How could this have ever been a good idea? Margaret had had an ideal of tranquillity, and had imagined that it might be found up here on the Heath, on the windy summit of Parliament Hill, amid the kite flyers and dog walkers, with London indistinct and silent below. She had imagined tranquillity – not that this was a quality familiar in her life. And now she was here, under the shadows of the trees on the Heath, with twilight not far off. Tranquillity though: this remained unattainable. It would always be unattainable. She felt caught, suddenly, in a web of relationships: these two men who flanked her; her mother and father, in distant Ireland. She would be better off on her own – but no: her soul flinched at the idea.
Never alone.
She cleared her throat. ‘Will we make for Parliament Hill?’
*
‘High thinking, plain living and small economies. So they said.’
Margaret murmured, ‘Who said?’
‘Some commentator. About Hampstead at the turn
of the century. Gas lamps and poets and intellectuals. The Hampstead women bought their necklaces one bead at a time, from a bead shop on the High Street. Not much money, you see, but they needed to keep up appearances.’
Patrick was filled with malice. A spirit of wickedness, his mother would have said: ready to sweep away any happiness, any smoothness or comfort or tranquillity. He pointed to the old well still in place there on Well Walk.
‘Dark as sherry, they said, with the iron content. You could draw the water right here. Set you up for the day.’ He thought of cholera, himself, and typhoid: these were his associations with London pumps and wells – but iron and in particular sherry served his purposes better at this moment than typhoid and cholera.
Robert might be at his ease around typhoid and cholera.

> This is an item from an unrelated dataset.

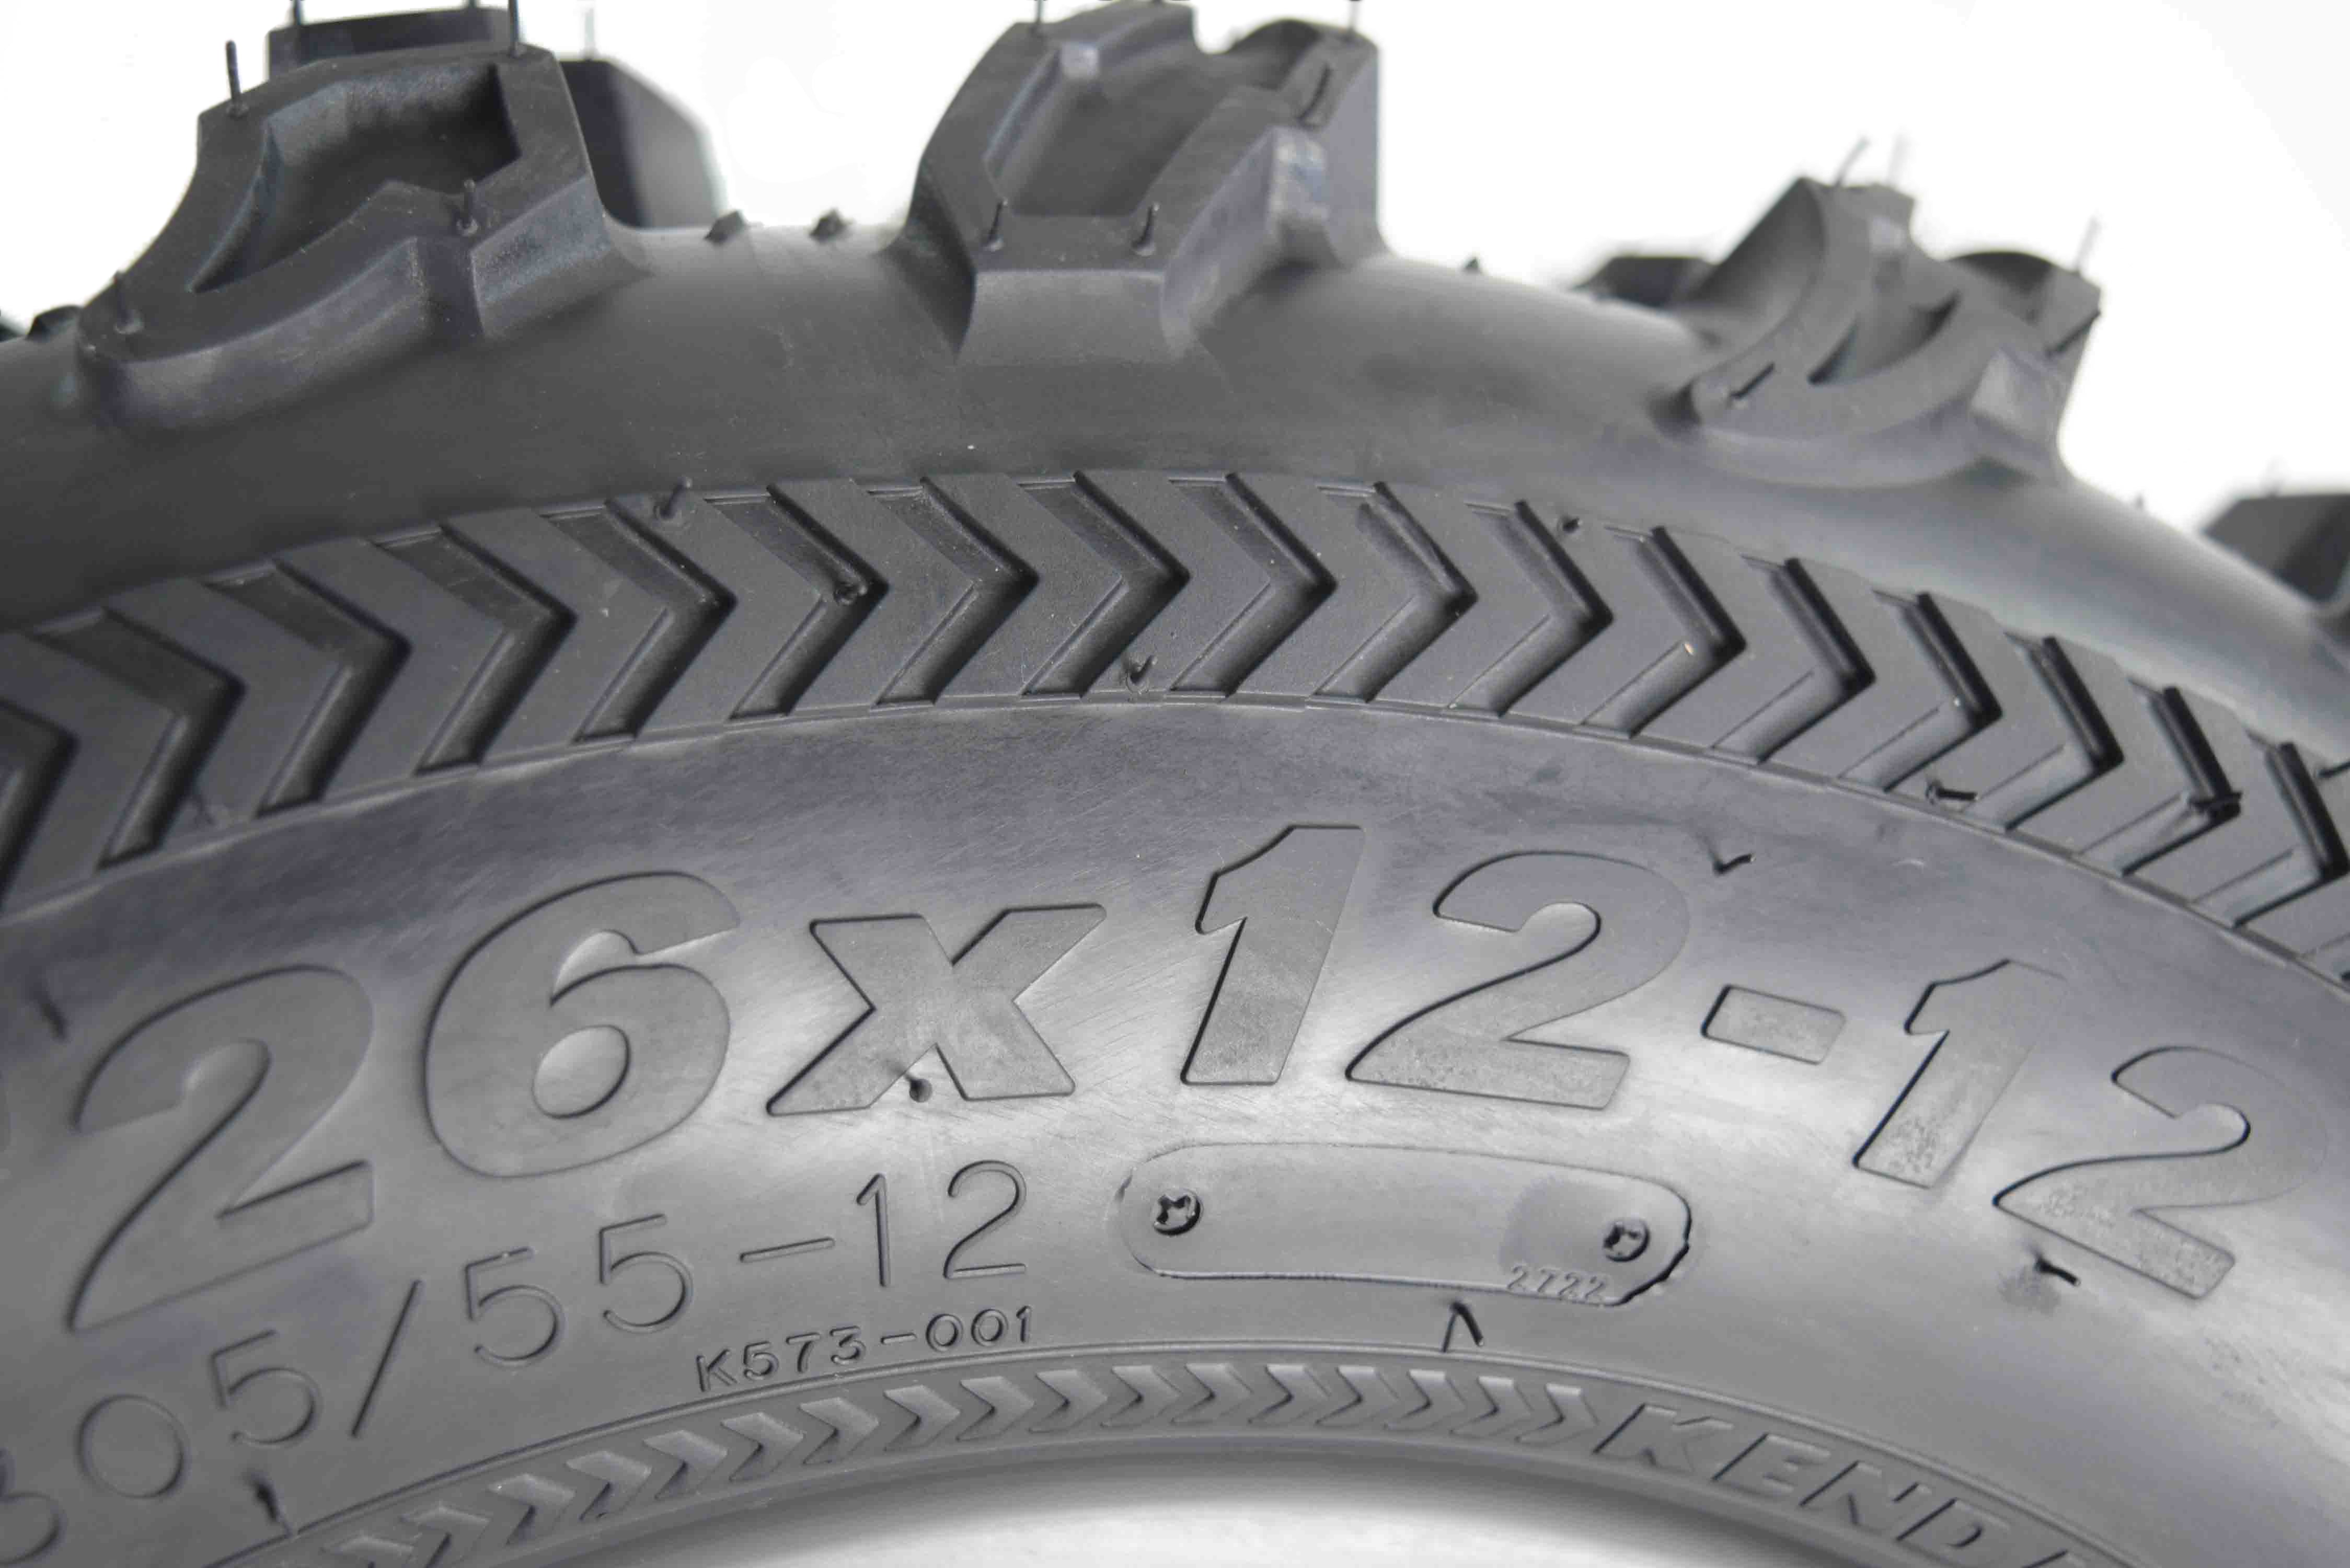 Kenda Bear Claw EX 26x12-12 Rear ATV 6 PLY Tires Bearclaw 26x12x12 (4 Pack)
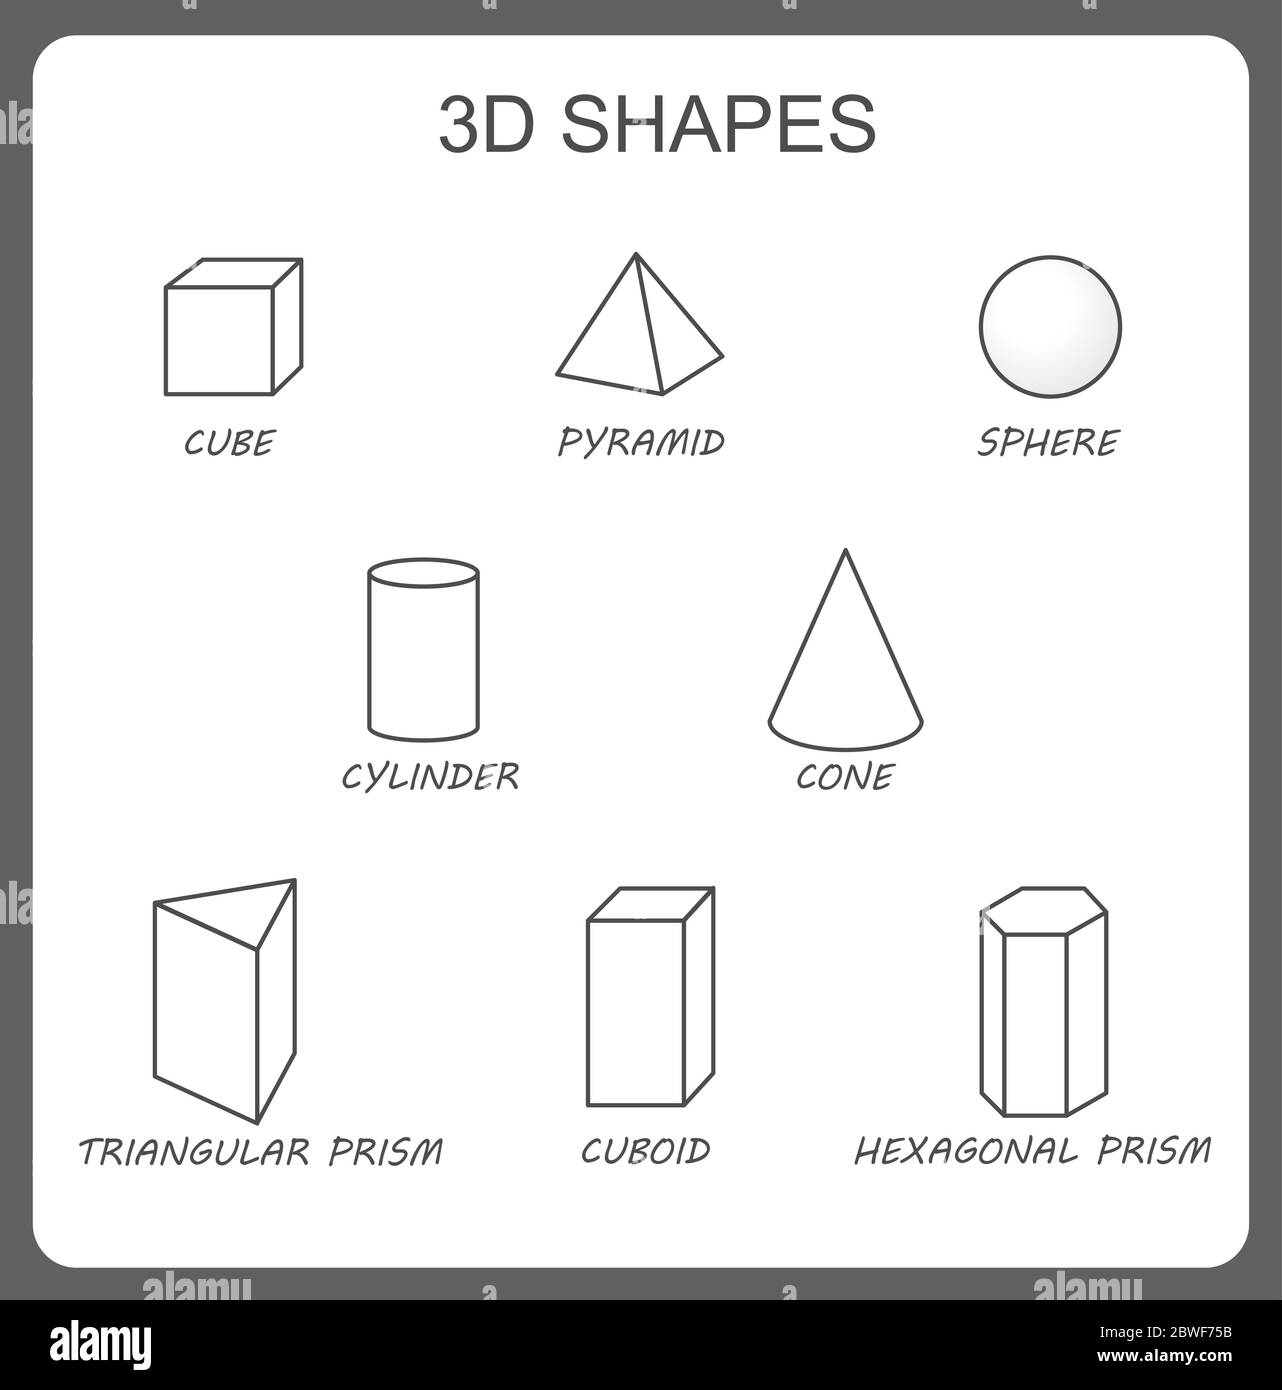 Solide 3d-Formen: Zylinder, Würfel, Prisma, Kugel, Pyramide, sechseckiges  Prisma, Kegel. Isolierte geometrische Vektorformen für Volumenkörper.  Poster für Lerngeometrie Stock-Vektorgrafik - Alamy

Sherry, though – never.
Not much going on with Robert at the moment. Patrick watched him lope along in his heavy jacket, silent. He seems to have run out of juice, he thought, our simian friend. And she was silent too.
Never mind, thought Patrick. There was a whole lot left to say. He moved on to Well Walk itself.
‘And Keats again: he lived at Number Forty-Six, and DH Lawrence in Number Thirty-Two,’ he rattled on, winding up the tension, ‘and Constable lived – somewhere too. Somewhere along here. Maybe it’s been demolished.’
Nobody said anything. A hot, dirty breeze rattled the dry, heat-struck leaves of the lime trees: and it occurred to Patrick that in fact, he was not, now, enjoying this very much. He had checked his references, he knew all these irritating facts in advance, Margaret had filled him in on Robert’s background with quite enough detail for him to set about pressing all the correct buttons. And he had been pressing them and watching the result.
And yet now the results were in, and there wasn’t much satisfaction to be had.